Source material START
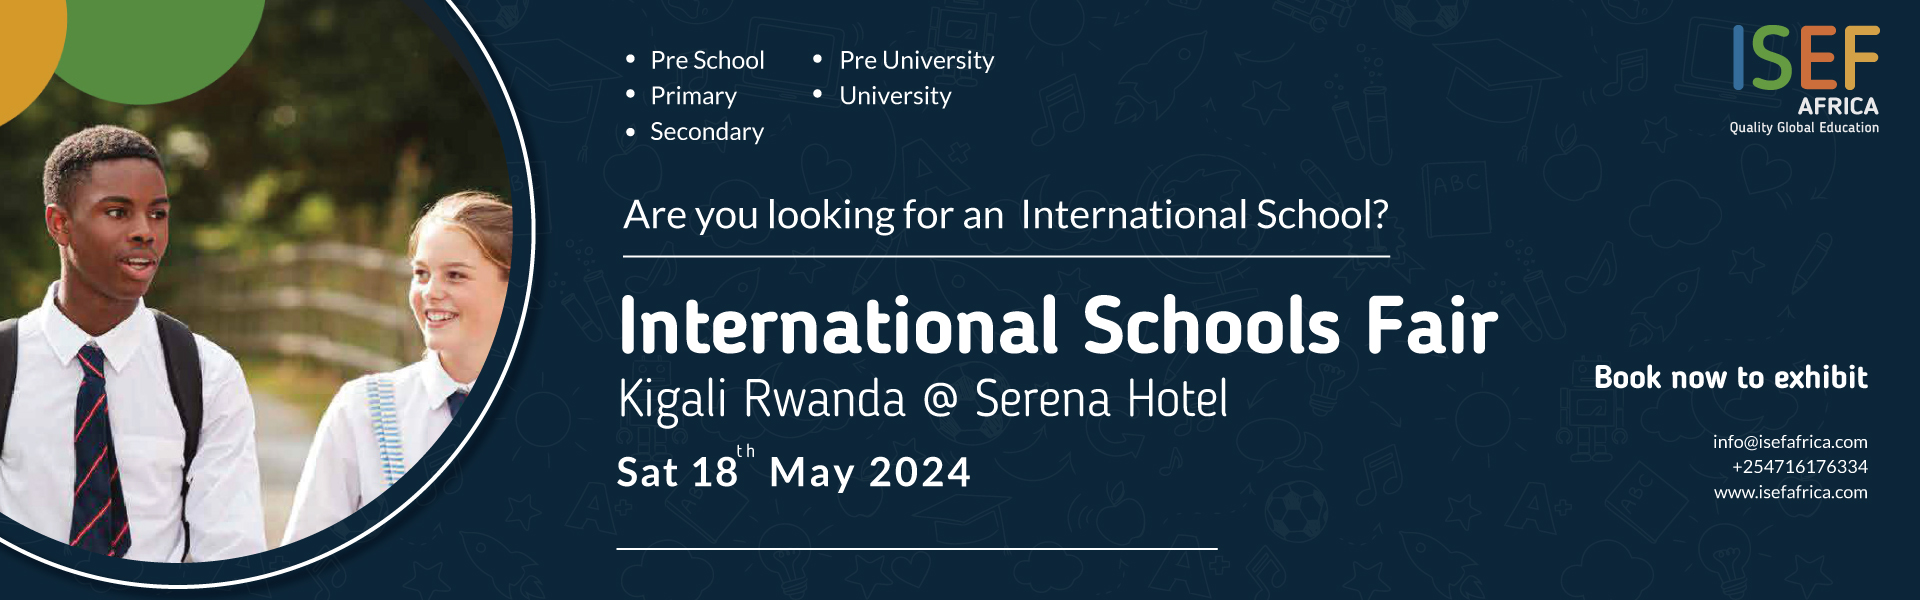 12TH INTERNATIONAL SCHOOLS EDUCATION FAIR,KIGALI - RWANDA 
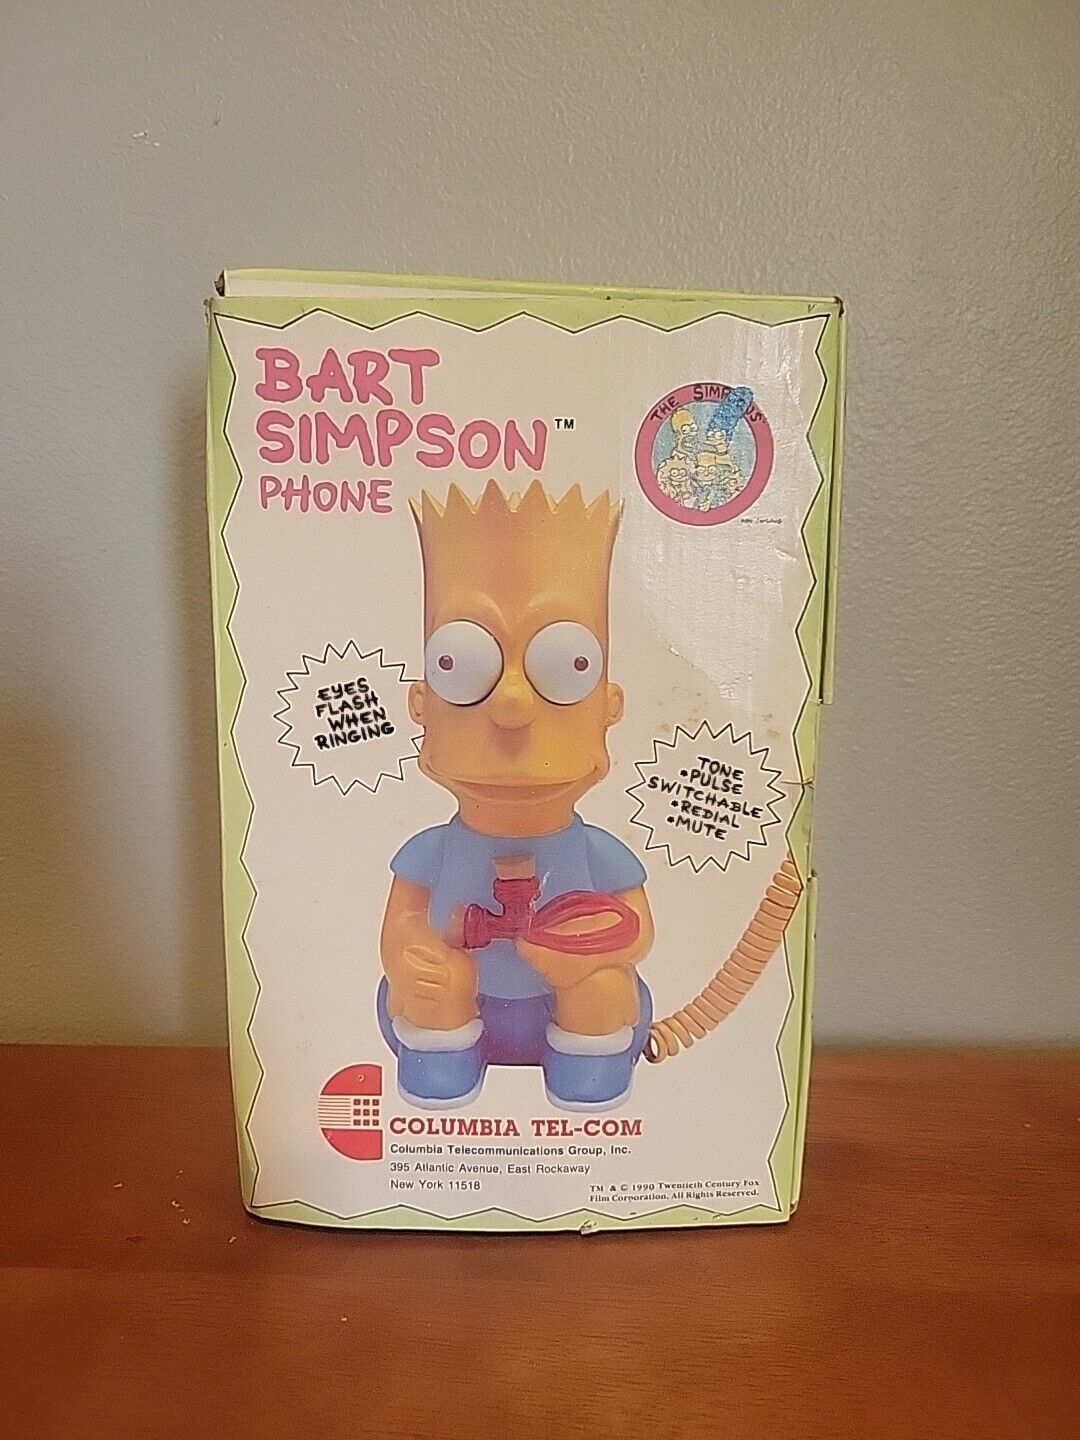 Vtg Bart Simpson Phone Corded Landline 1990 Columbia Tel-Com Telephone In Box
Source material END
Source material START
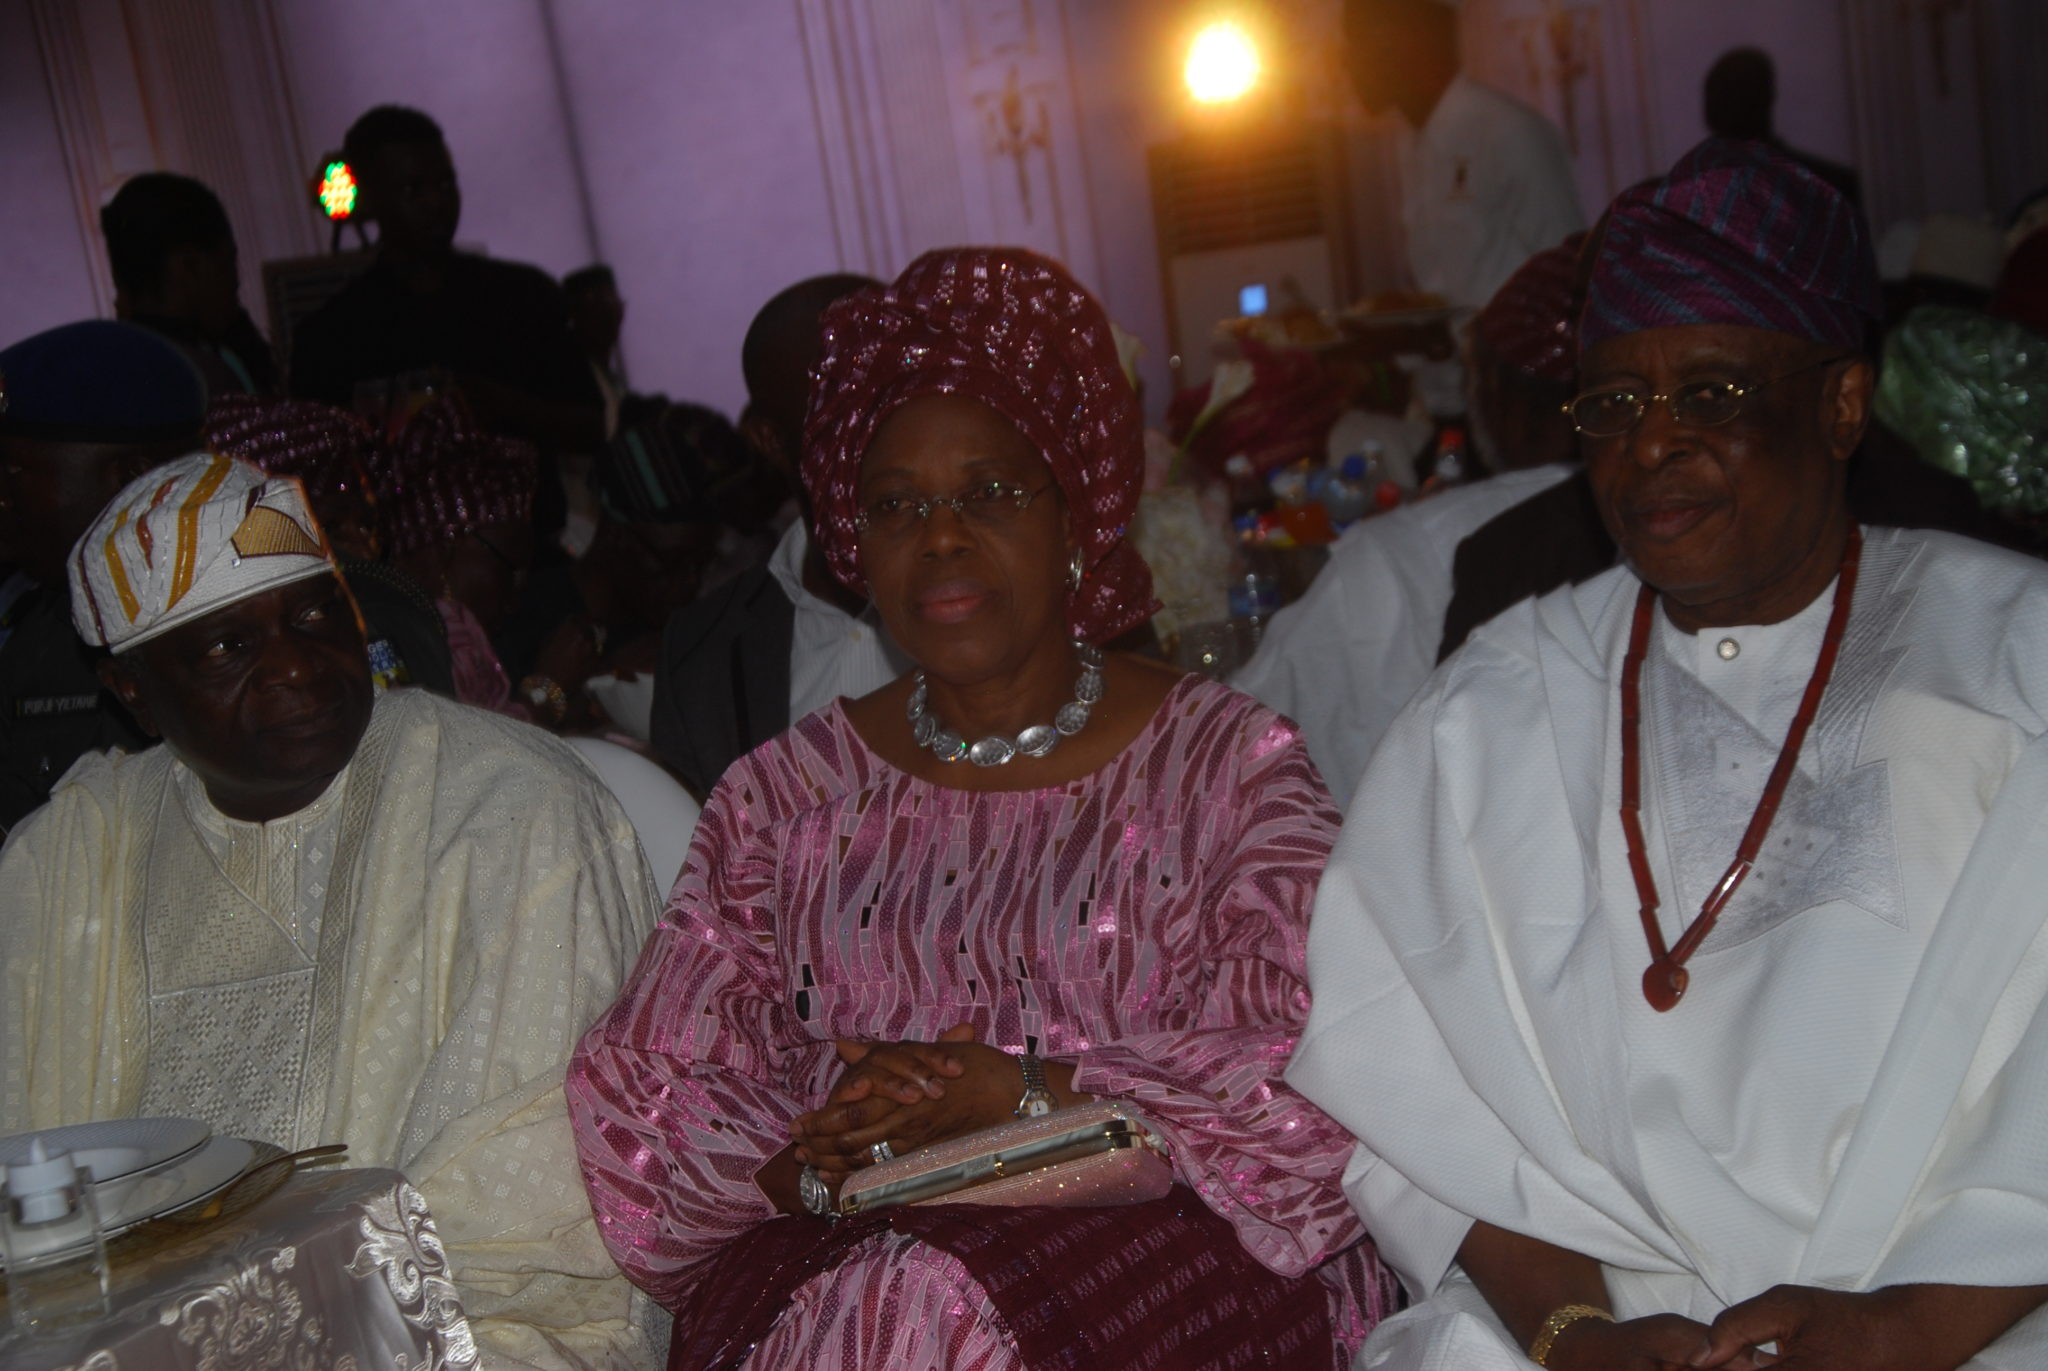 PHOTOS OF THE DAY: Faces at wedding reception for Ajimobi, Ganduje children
Source material END
Source material START
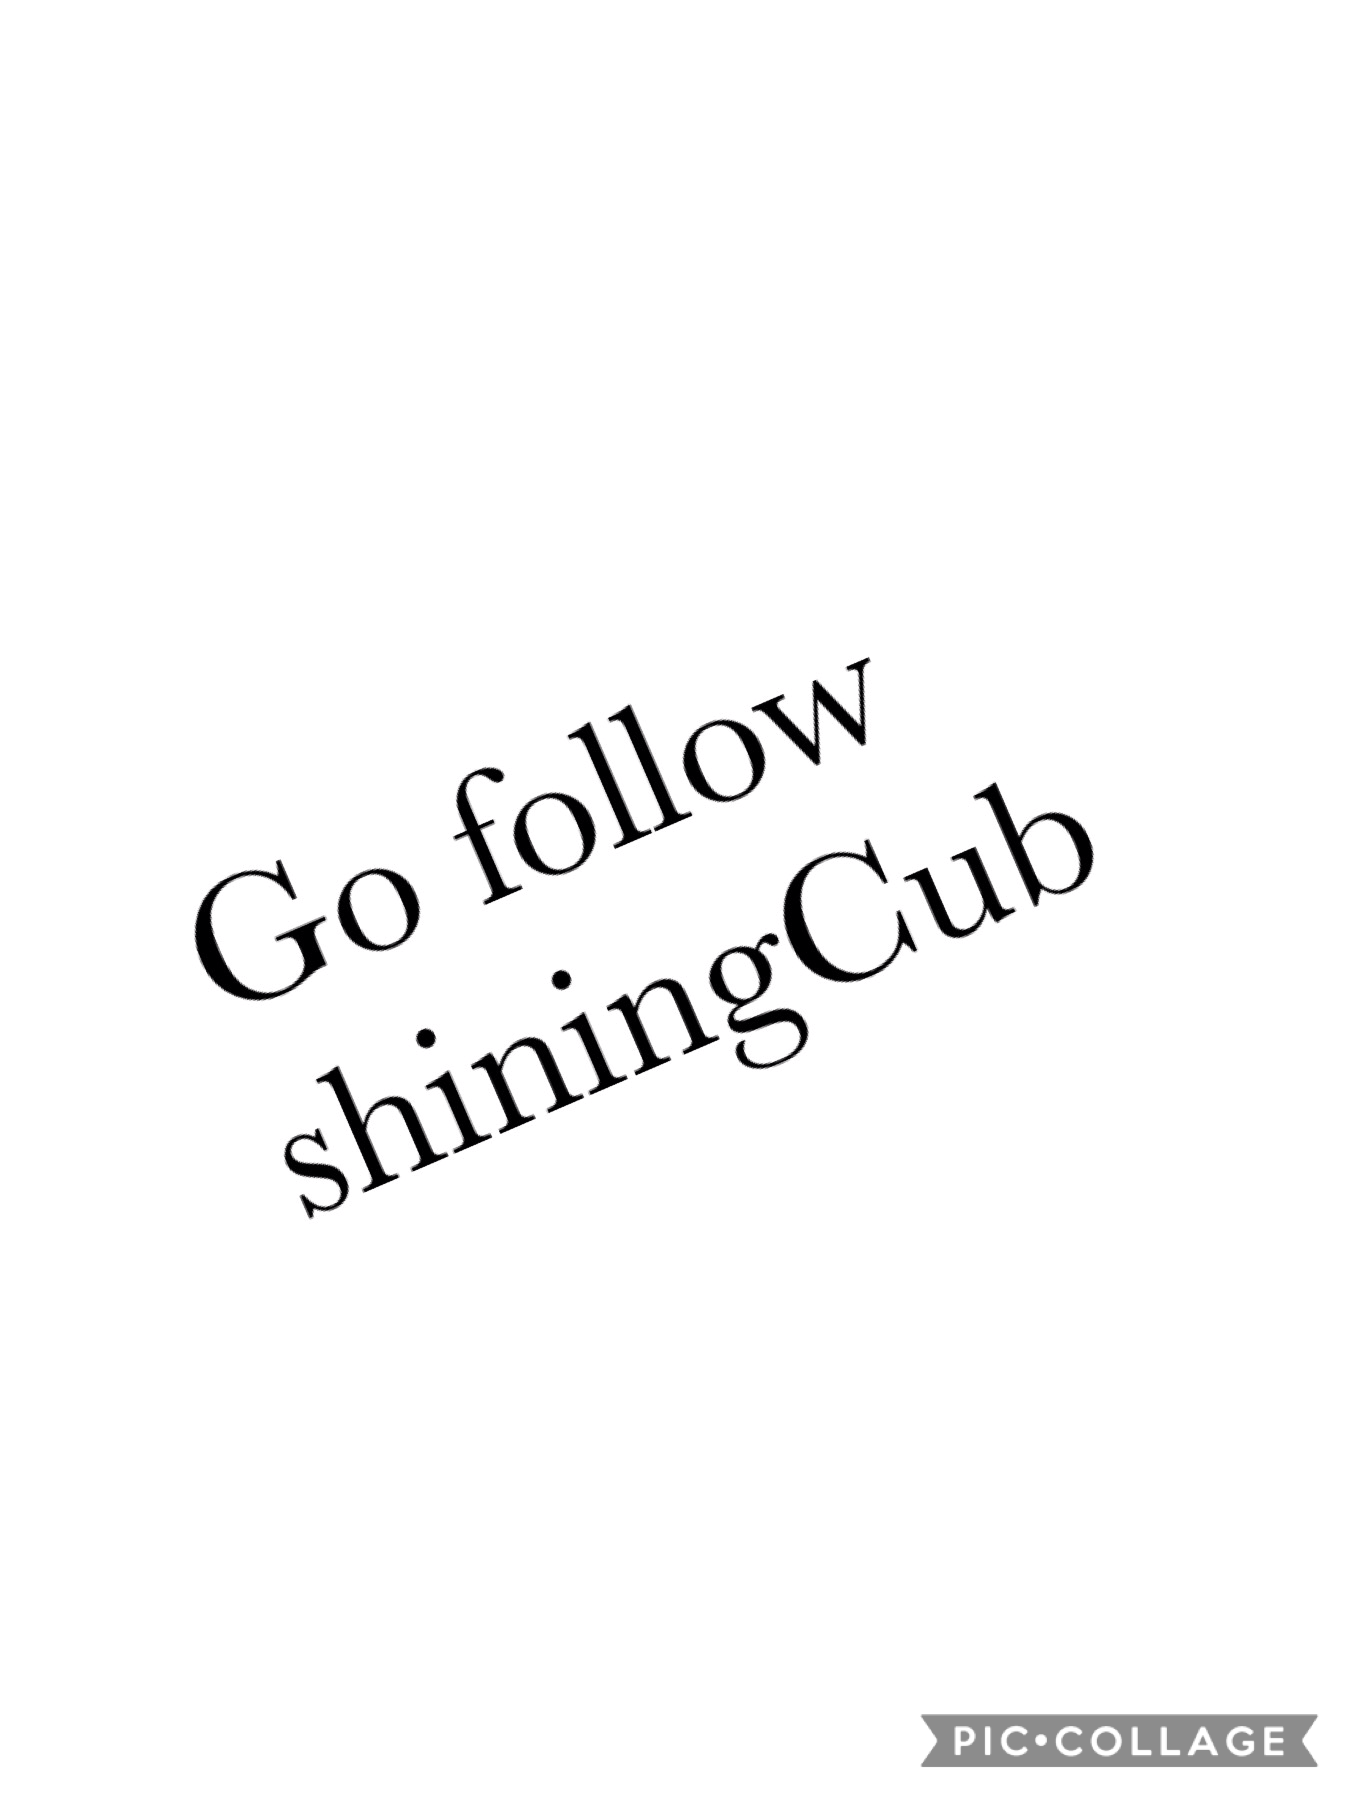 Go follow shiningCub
Source material END
In the listing above, find the line containing "12TH INTERNATIONAL SCHOOLS" and the line containing "Vtg Bart Simpson", then return both of them and every line between, exactly, without pictures.

 12TH INTERNATIONAL SCHOOLS EDUCATION FAIR,KIGALI - RWANDA 
 Vtg Bart Simpson Phone Corded Landline 1990 Columbia Tel-Com Telephone In Box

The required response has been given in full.